Constant acceleration equations

These equations relate displacement, velocity, acceleration, and time, and apply under the following conditions:

the acceleration is constant
the motion is measured from t = 0
the fact that several variables are vectors is accounted for with appropriate plus and minus signs

v = v_o + at

x - x_o = v_o t + ½ a t²

x - x_o = ½ (v + v_o) t

v² = v_o² + 2 a (x - x_o)

The equations are derived from the definitions of acceleration, velocity, and displacement.

Example - Applying the equations

You're driving your red car. A black Porsche is in the right lane, stopped at the red light. You're traveling at 40 km/hr in the left lane, and the light turns green when you're 15 meters from the stop line. You continue at a constant speed of 40 km/hr and pass the Porsche, which accelerates from rest at a constant rate of 3 m/s², starting at the moment the light turns green.

(a) How far from the stop line do you pass the Porsche?

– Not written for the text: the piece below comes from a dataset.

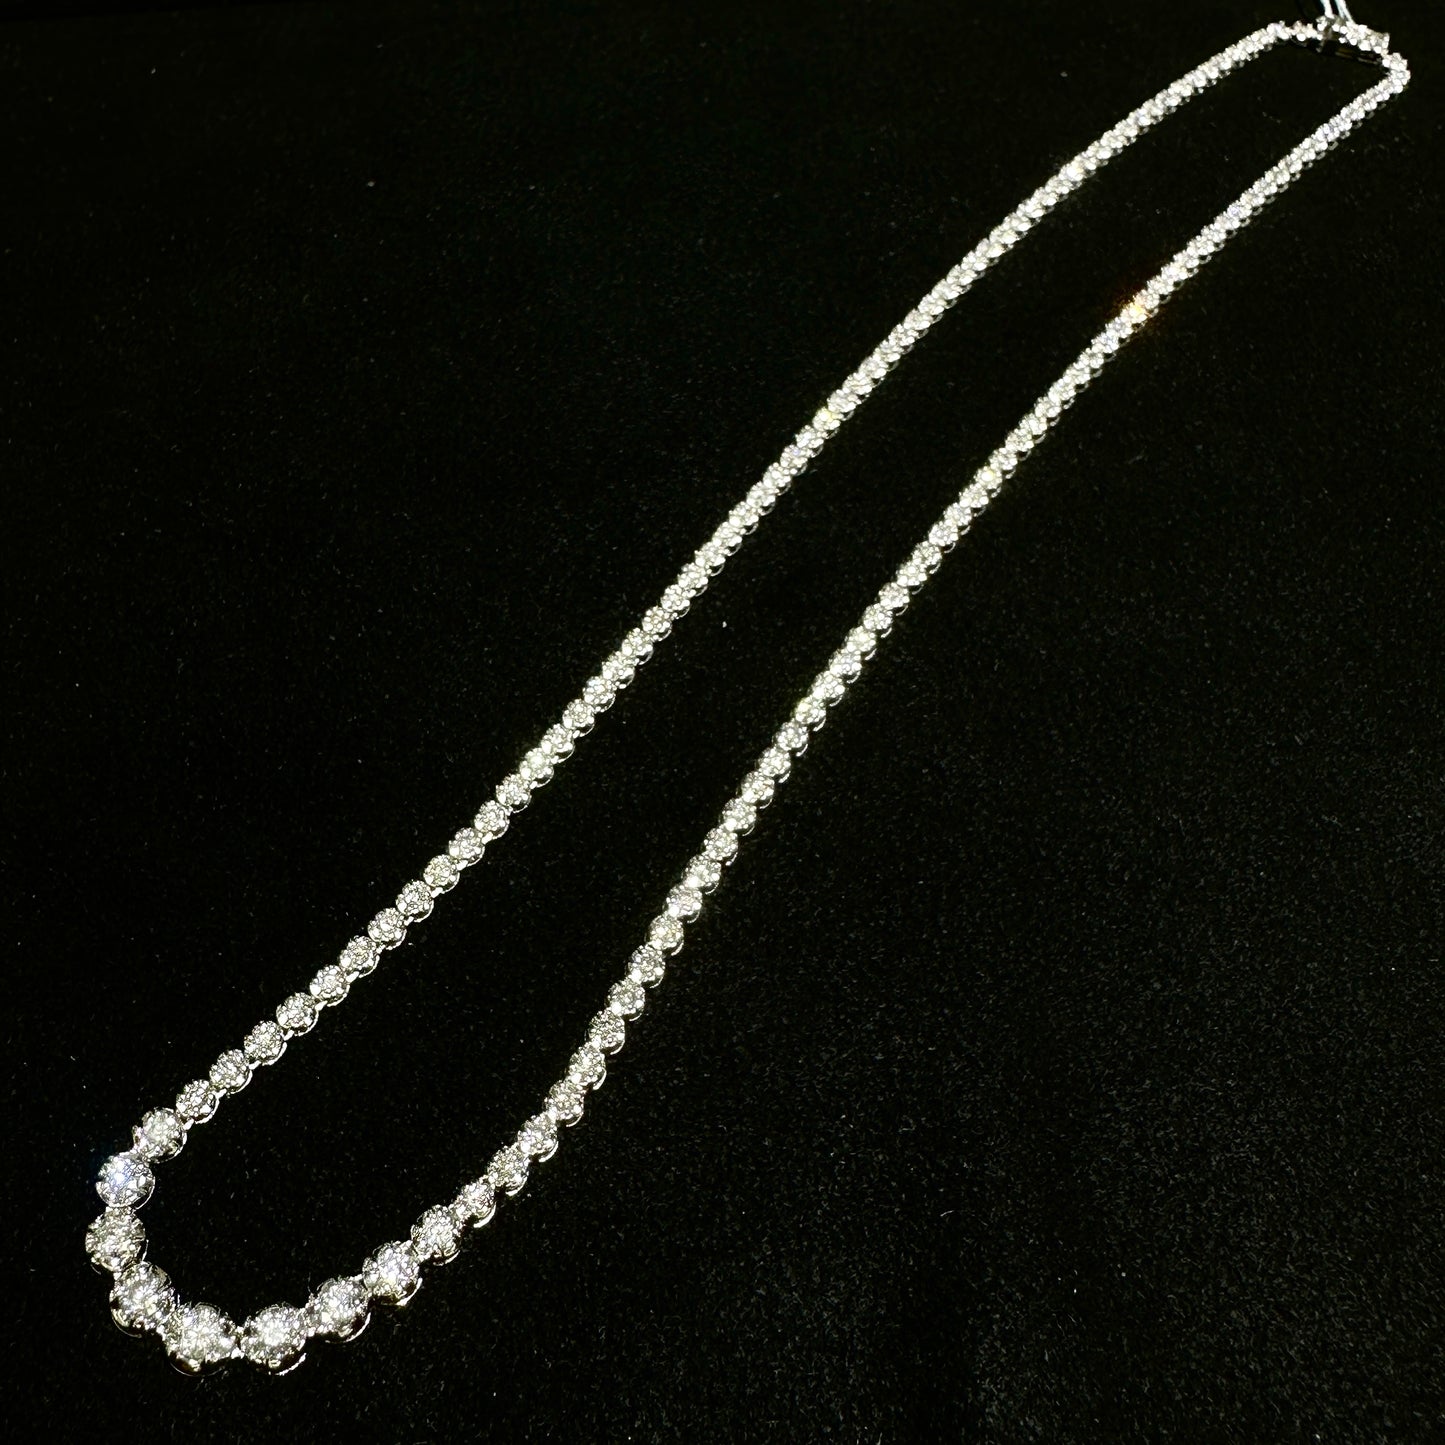 Luxurious Full Natural Diamond Necklace in 18K White Gold
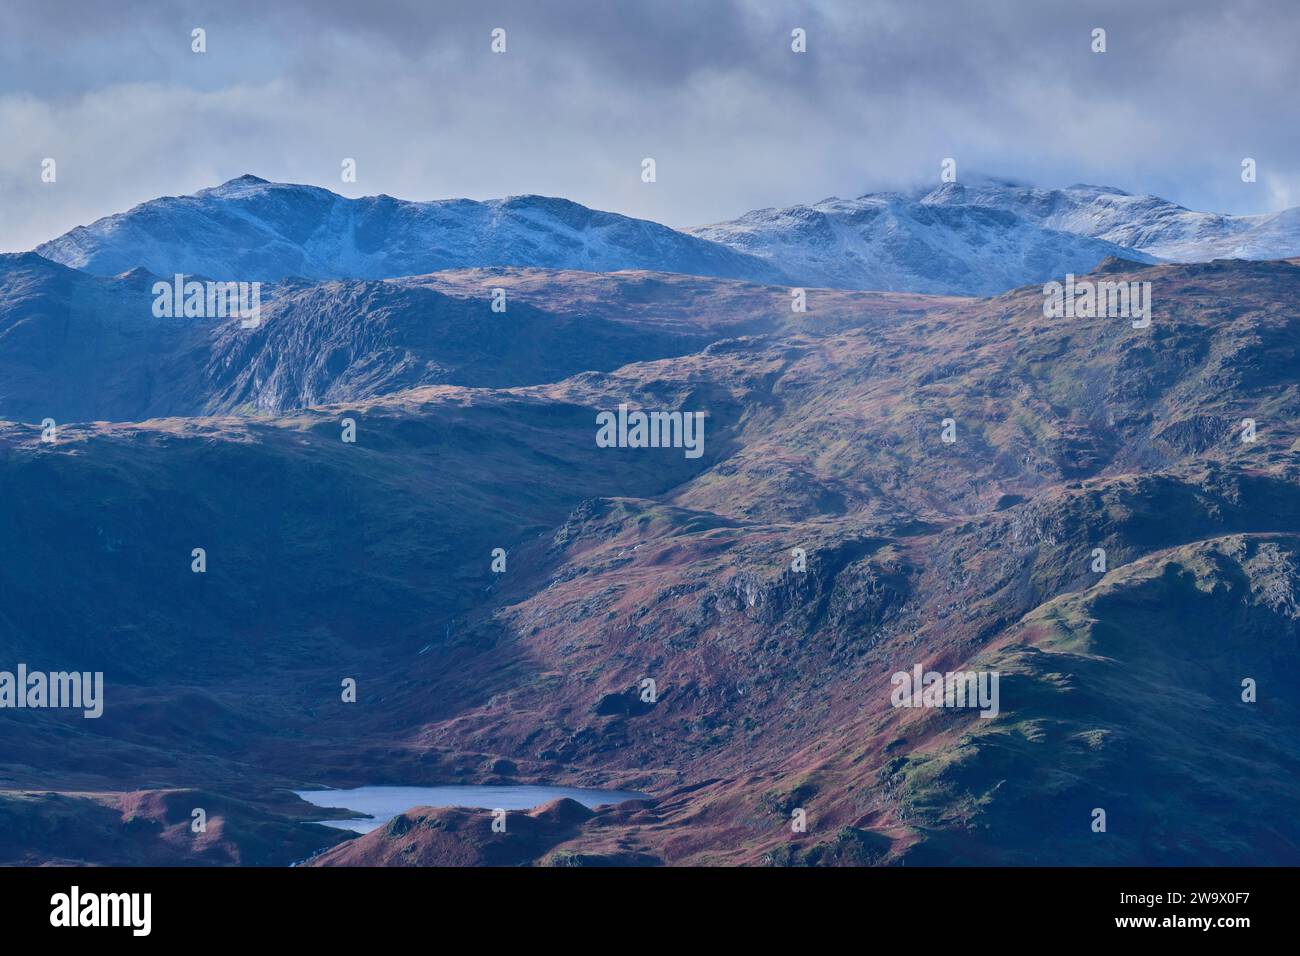 Easedale Tarn, Bowfell, and Esk Pike seen from near Great Rigg, Grasmere, Lake District, Cumbria Stock Photo

(b) When does the Porsche pass you?

(c) If a Boston police officer happens to get you and the Porsche on the radar gun at the instant the Porsche passes you, will either of you be pulled over for speeding? Assume the speed limit is 50 km/hr.

Lay out the problem

Define an origin - the stop line is a good choice.
Choose a positive direction - here, the direction you're traveling.
Use a consistent set of units - let's use MKS, with speeds in m/s.
Organize the data - write down everything you know.
Draw a diagram

You Porsche

x_o -15 m 0

v_o 11.11 m/s 0

a 0 3 m/s²

Part (a)

(a) How far from the stop line do you pass the Porsche?
At the instant you pass the Porsche, the x values (yours and the Porsche's) have to be equal. Using the general equation giving x as a function of time, write down two equations, one giving your position as a function of time and one giving the Porsche's position. The general equation is:
x = x_o + v_o t + ½ a t²
For you : x₁ = -15 + 11.11 t + 0
For the Porsche : x₂ = 0 + 0 + ½ (3) t² = 1.5 t²
Now what?

Set the equations equal, and solve for the time(s) when the two cars are at the same position. Then plug the time back into the x equation(s) to find the position.
x₁ = x₂
-15 + 11.11 t = 1.5 t²
Bringing everything to one side gives:
1.5 t² - 11.11 t + 15 = 0
Solve using the quadratic formula:

where a = 1.5, b = -11.11, and c = 15
This gives two values for t, t = 1.776 s and t = 5.631 s. What do these two values mean?
To get the answer to question (a), plug t = 1.776 into either of your x expressions. Check your answer: both equations should give the same value.
For you, at t = 1.776 s, x₁ = 4.73 m.
For the Porsche, at t = 1.776 s, x₂ = 4.73 m.
Part (b)

(b) When does the Porsche pass you?
We've already calculated this answer - it is the second solution to the quadratic we solved in part (a), t = 5.631 s. Round this off to t = 5.6 s.
Part (c)

(c) If a Boston police officer happens to get you and the Porsche on the radar gun at the instant the Porsche passes you, will either of you be pulled over for speeding? Assume the speed limit is 50 km/hr.
You're traveling at a constant speed of 40 km/hr, which is under the speed limit.
To figure out how fast the Porsche is going at t = 5.631 seconds, use:
v = v_o + a t = 0 + (3) (5.631) = 16.893 m/s.
Converting this to km/hr gives a speed of 60.8 km/hr, so the driver of the Porsche is in danger of getting a speeding ticket.